An Adaptive Harness to Self-Construct State-of-the-Art Systems

Distyl's adaptive harness achieves state-of-the-art performance on 75 benchmarks.
Given the rise of AI agents that can produce functional solutions from natural language requests, we explored an adjacent question: can agents steer themselves towards state-of-the-art performance, beyond just a functional solution, from the same natural language request?
TL;DR
We pointed our adaptive harness at 75 benchmarks spanning natural language understanding, logical reasoning, code generation, medical QA, legal analysis, agentic tool use, knowledge graphs, and more—each with an established leaderboard and published state-of-the-art results.

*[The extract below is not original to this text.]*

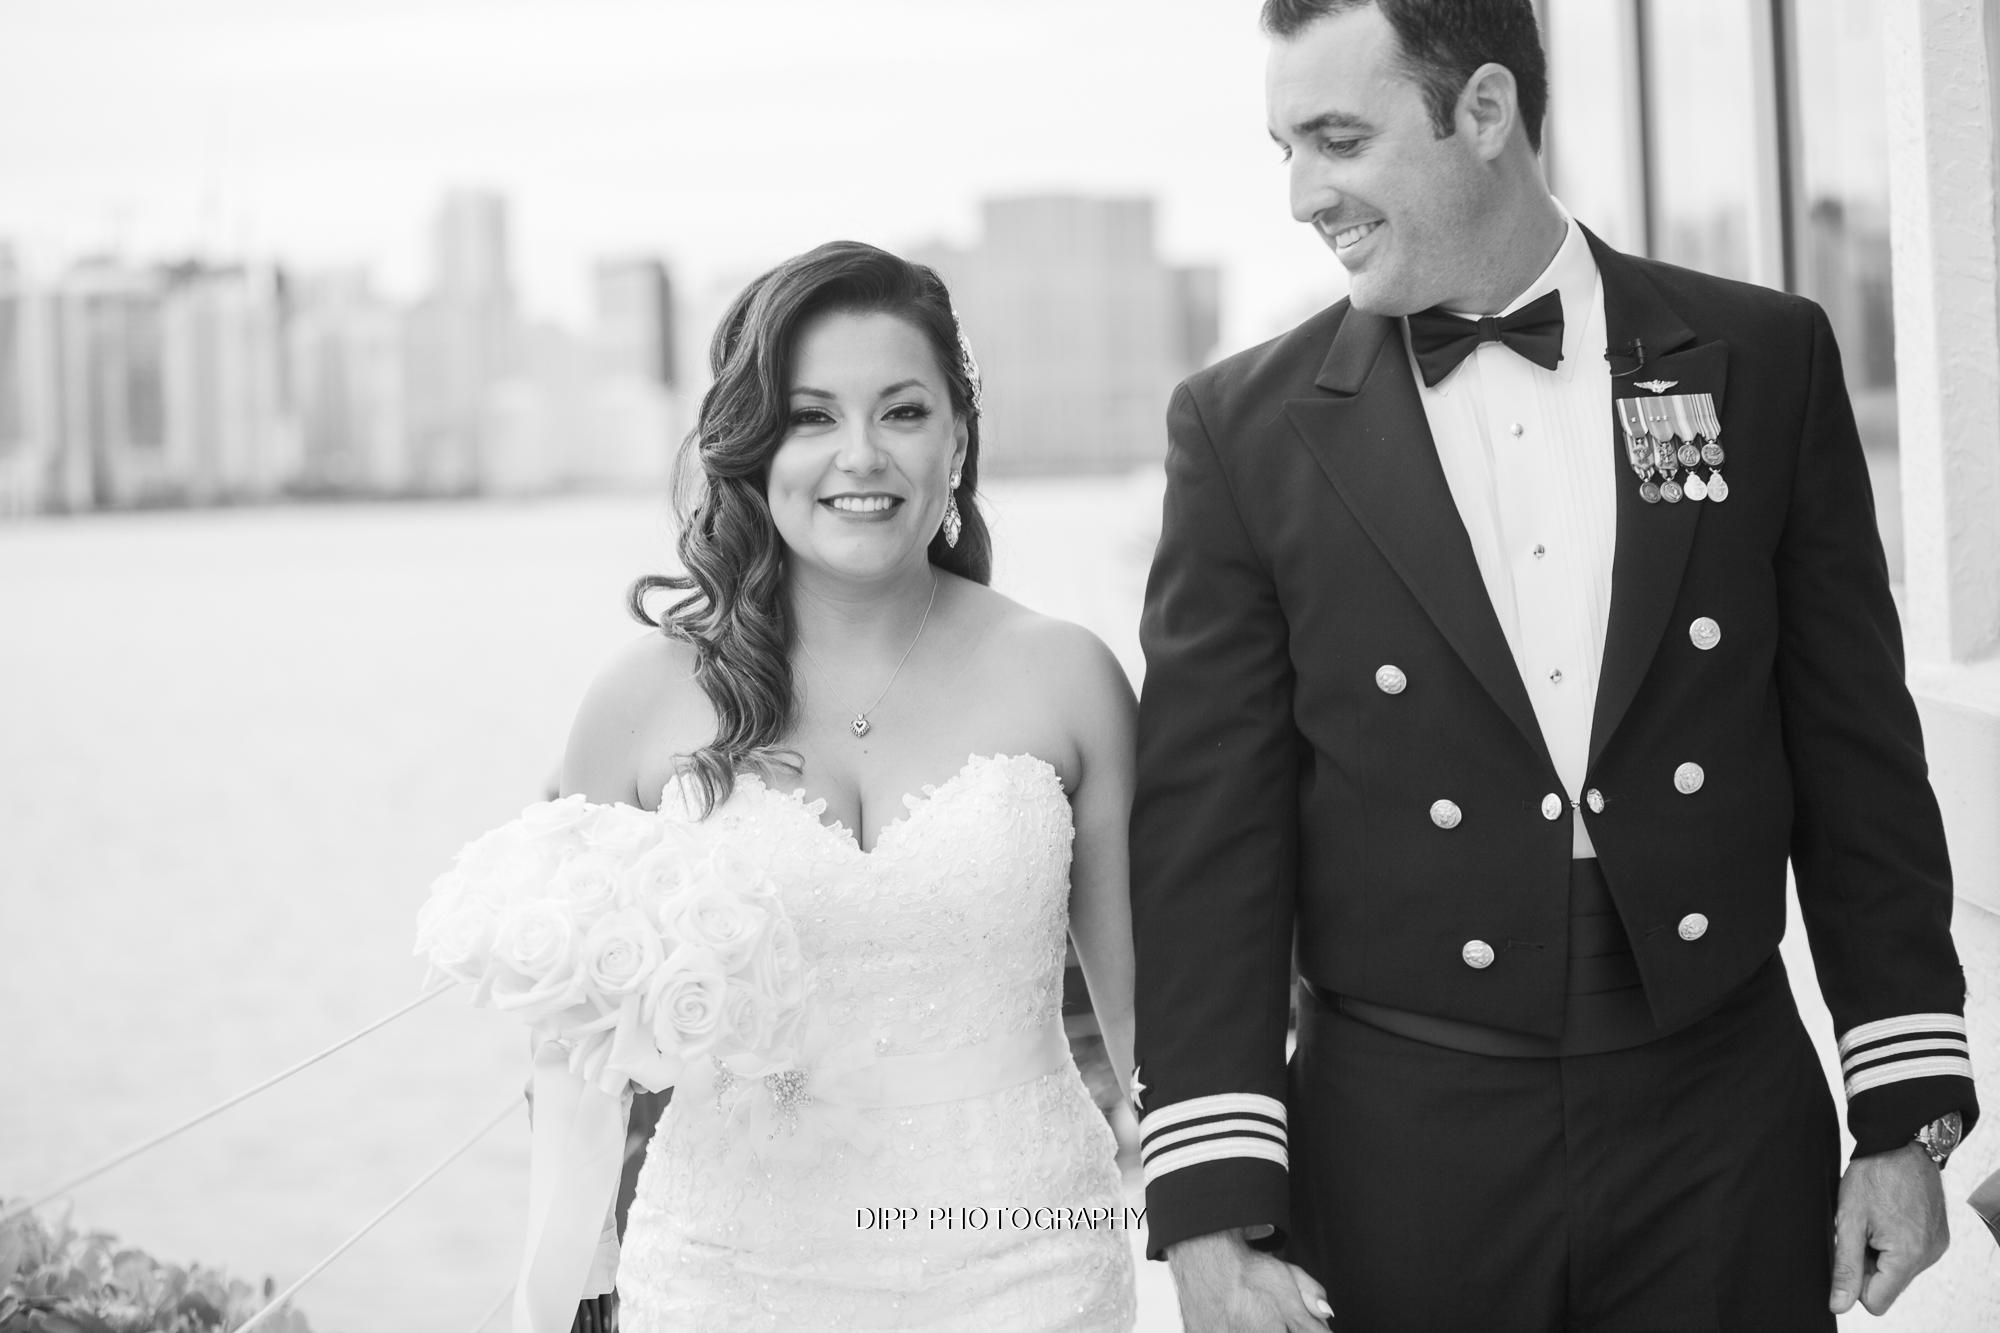 Dipp_2016 EDITED Sara & Brandon Wedding-124

For all 75 benchmarks, our adaptive harness produced systems outperforming the published state-of-the-art.
At the core of this adaptive harness is architectural discovery—the identification of techniques to build around the best model available for the task at hand. Instead of building towards a functional solution, this architectural discovery actively pushes for state-of-the-art performance. By erring towards model strengths and circumventing model weaknesses, this agentic constructor is able to draw additional performance out of its underlying engine.

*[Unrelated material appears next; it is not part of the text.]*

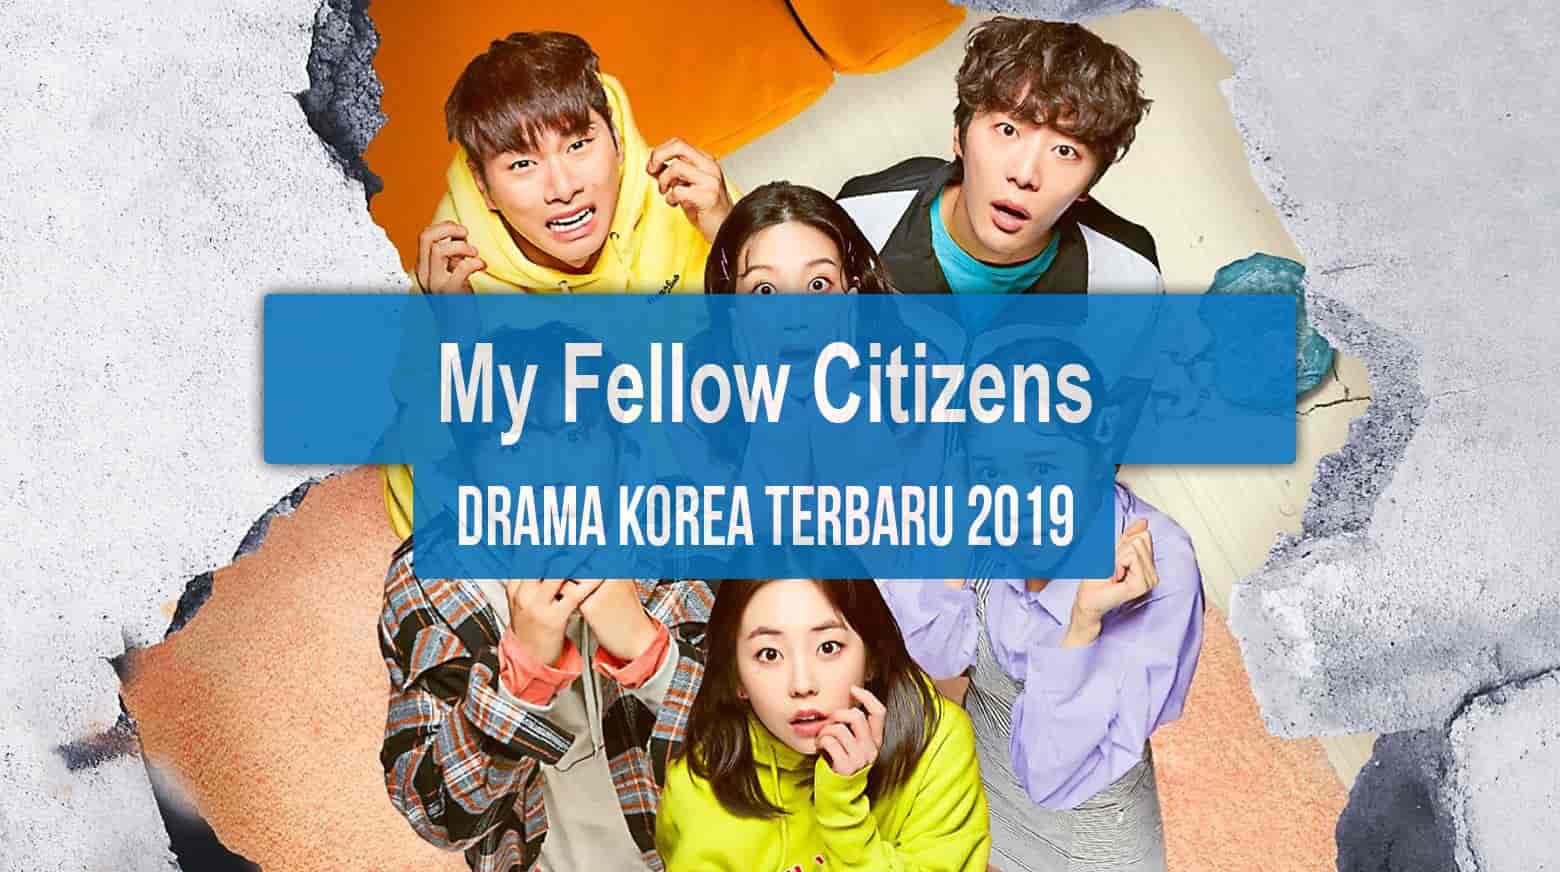 Sinopsis Tanggal Rilis Jadwal Drama Korea My Fellow Citizens! Bahasa Indonesia

To substantiate the claim of state-of-the-art performance, we pointed at 75 benchmarks spanning natural language understanding, logical reasoning, code generation, medical QA, legal analysis, agentic tool use, knowledge graphs, instruction following, and more, each with an established leaderboard and published state-of-the-art results. For each, only a benchmark description, dataset, and official evaluation script were provided—no human guidance, domain expertise, or manual engineering.

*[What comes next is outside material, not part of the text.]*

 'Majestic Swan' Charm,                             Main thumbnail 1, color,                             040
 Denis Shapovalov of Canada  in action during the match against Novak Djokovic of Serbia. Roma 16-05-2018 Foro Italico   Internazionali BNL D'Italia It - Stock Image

What followed was the autonomous exploration of various system architectures and models, writing of associated code, running of evaluations on a held-out training split, analysis of failures, and iteration on techniques—often through dozens of refinement cycles—until performance converged toward an outcome deemed cutting edge.
Across all 75 benchmarks, the resulting systems beat the published state-of-the-art, including on all 15 system-first benchmarks where the competition consisted of purpose-built, expert-engineered systems.1

Results
Model-first benchmarks are conventionally reported as a single model call, with leaderboards indexed by model name. Topping these substantiates the natural claim that a system built on top of a model should outperform a model alone. System-first benchmarks require multi-step agents, tools, or APIs; they evaluate systems by design. Topping these substantiates the claim that the discovery process does not produce naive architectures, but rather can build systems that outperform expert-crafted systems for the same problem.
Model-first benchmarks
These benchmarks were originally designed as model evaluations. For these benchmarks, the systems produced wrap the model in additional structure—using techniques like voting, execution, verification, category-specific prompting, and more—to push past what a single model call could accomplish. All 60 model-first benchmarks were topped, with 21 systems seeing gains of 20+ percentage points and four systems reaching full benchmark saturation.
System-first benchmarks
System-first benchmarks demand multi-step architectures that execute code against real environments, chain tool calls across live APIs, manage stateful side effects, and recover from failures mid-run. Leaderboards are dominated by custom pipelines, RL-trained policies, and domain-specific agent frameworks, often backed by months of human engineering. Of the 15 system-first benchmarks tested, our generated systems topped all 15.
Common patterns
While each generated system employs pointed techniques, the following are some examples of broad technique classes:
Sample and aggregate
Run the same prompt N times at varied temperatures, majority vote wins. Stochastic error becomes a resource—independent failures cancel out.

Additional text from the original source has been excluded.